After you complete initial training, the project workflow continues with these iterative tasks:

  • Curators apply feedback and update results. See Updating Categorization Results.
  • The model uses your sample to compare values that now have associated categories to values in unlabeled records and suggests categories for those records.
  • Verifiers assign records with suggested categories to reviewers and other experts. See Assigning Records in Categorization Projects.
  • Reviewers upvote and downvote suggestions, provide new categorizations, and add comments to provide more feedback and help Tamr Core get increasingly more accurate. See Categorizing Records.

As your team learns more about the data and how the model reacts to feedback, curators may make adjustments to the unified dataset, such as which attributes to include in machine learning.

Adding Categories to Records

After a curator completes schema mapping by updating the unified dataset, every record on the categorized records page has an add categorization link in the Categorization column.

Train Tamr Core by supplying categories:

  1. Navigate to the categorized records page by selecting the option to the right of Categories. The name of this page is project-specific and reflects what it is you are categorizing.
  2. Locate the records that are in your representative sample.
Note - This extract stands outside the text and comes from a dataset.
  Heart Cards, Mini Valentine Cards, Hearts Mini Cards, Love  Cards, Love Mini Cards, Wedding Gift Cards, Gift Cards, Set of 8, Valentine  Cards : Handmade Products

Use gear icon Configure Table at the bottom of the page to configure column visibility, or use column sorting and search as needed.
  3. To supply the category for one record, select add categorization.
    To supply the same category for multiple records, move your cursor over the left edge and use the checkboxes that appear to select the records, then choose New categorization.
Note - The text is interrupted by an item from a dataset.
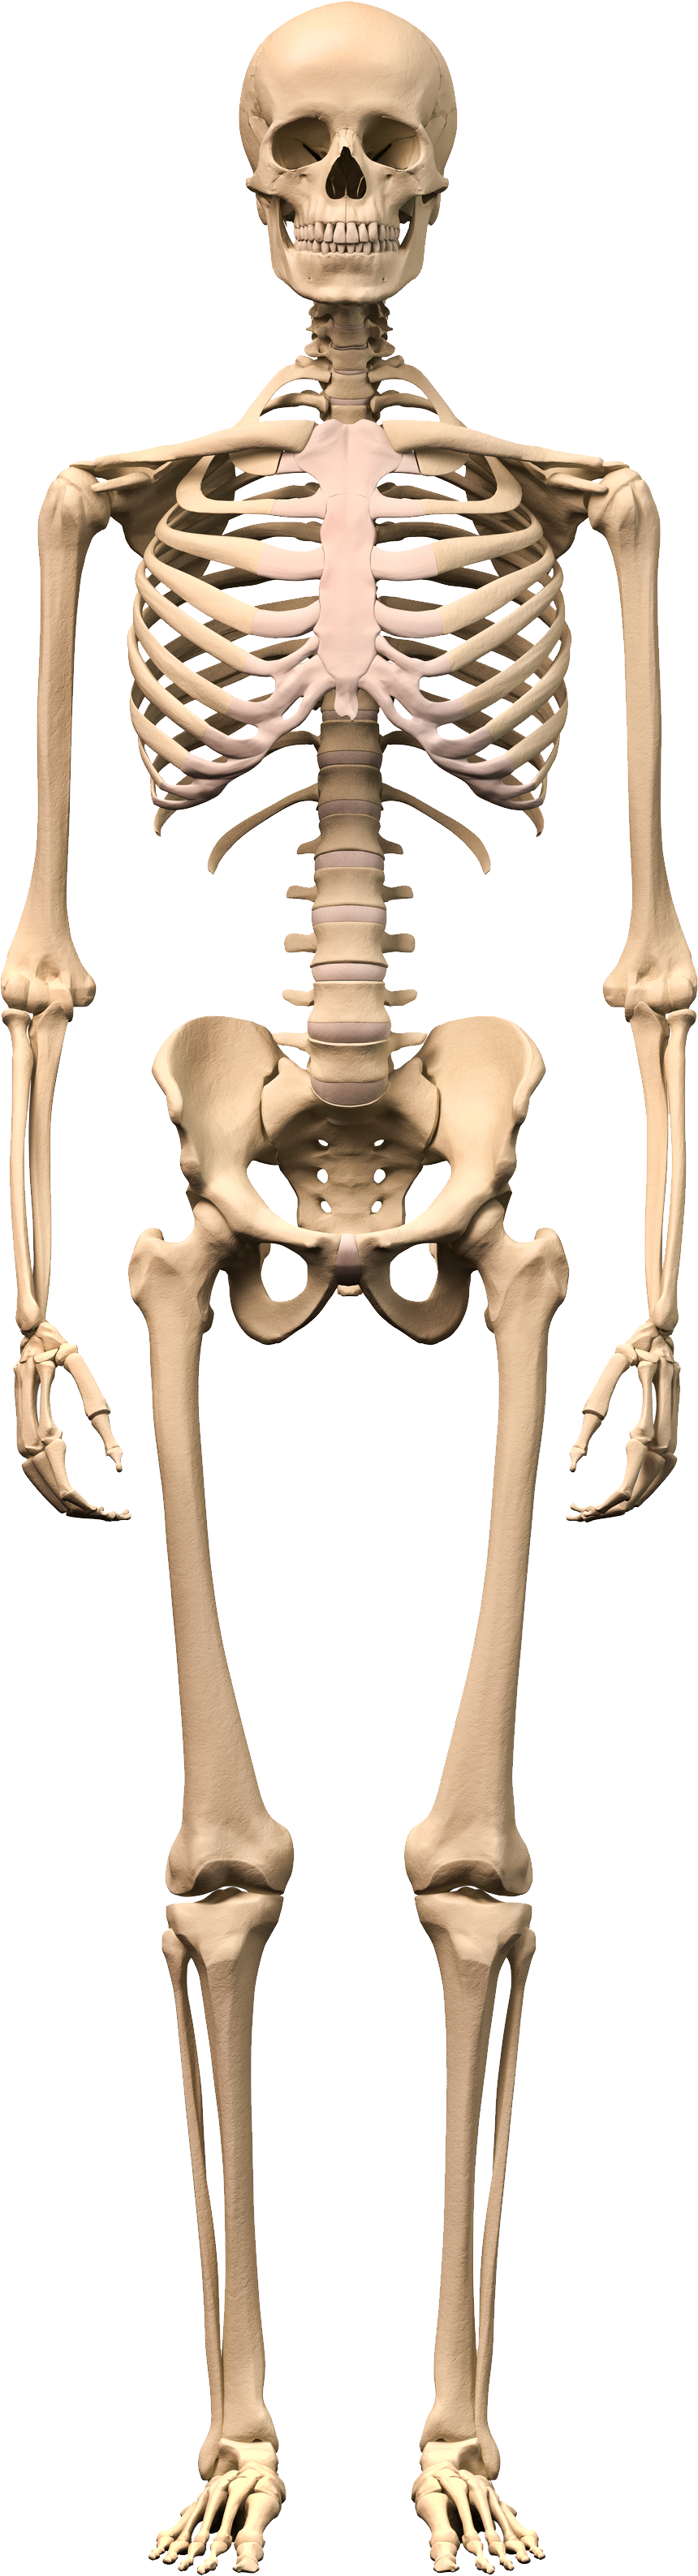 Skeletal Muscle Anatomy Human Skeleton Human Body Png Abdomen | Images ...

Choose add categorization for a single record, or select 1) multiple records then 2) New categorization.

  1. In the Choose a category dialog box, browse through the tiers to find the categorization node you want to apply.
    Note: You can also search the taxonomy for a string.

Searching for a string reduces the categories shown to only those that match; initial categories should be verified.

  1. (Optional) Provide a comment in the Reason field.
    Note: By default, your categorization is marked as verified by the Verify this categorization checkbox. During initial training, you should be sure of every category that you choose for the records in your sample. As a result, you are unlikely to need to clear this checkbox.
  2. After you Save, the categorized records page shows the assigned category in the Categorization column. Green font indicates that the category is verified, while the "+1" and up arrow indicators reflect the expert input you just provided.

Records with a category verified by an expert.